**Dataset:**
--------------------------------------------------
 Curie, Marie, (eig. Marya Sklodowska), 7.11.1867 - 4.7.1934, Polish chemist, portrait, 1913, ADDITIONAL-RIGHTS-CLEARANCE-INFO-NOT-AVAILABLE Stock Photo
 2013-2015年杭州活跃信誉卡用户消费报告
--------------------------------------------------
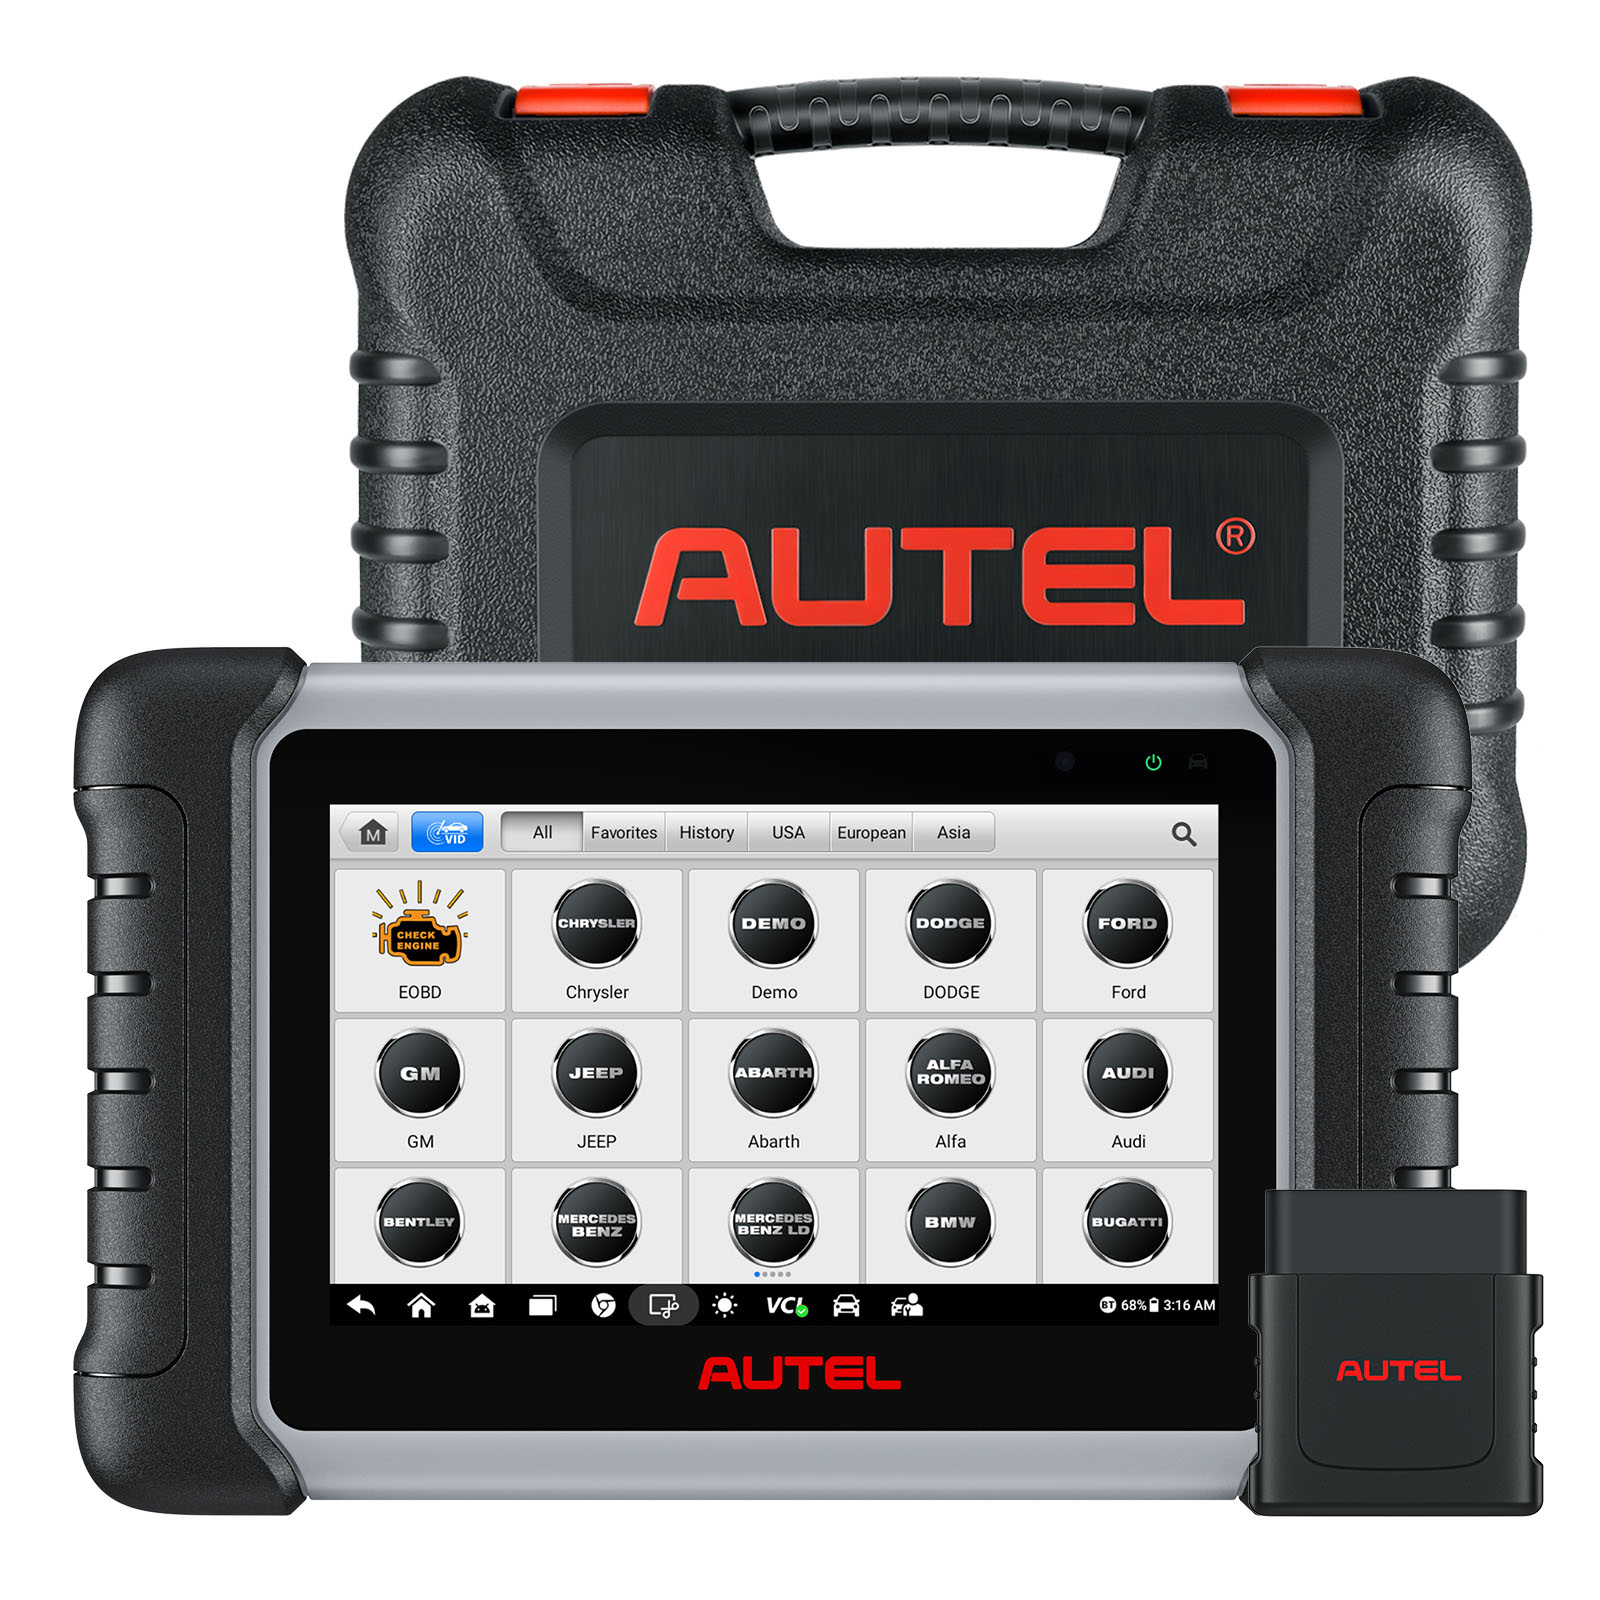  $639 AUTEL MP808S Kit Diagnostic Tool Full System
--------------------------------------------------
**Exercise objective:** Find where the line with "Curie, Marie, (eig." sits in the material above, then copy exactly from it through the line with "2013-2015年杭州活跃信誉卡用户消费报告". Add no other line.

**Reply:**
 Curie, Marie, (eig. Marya Sklodowska), 7.11.1867 - 4.7.1934, Polish chemist, portrait, 1913, ADDITIONAL-RIGHTS-CLEARANCE-INFO-NOT-AVAILABLE Stock Photo
 2013-2015年杭州活跃信誉卡用户消费报告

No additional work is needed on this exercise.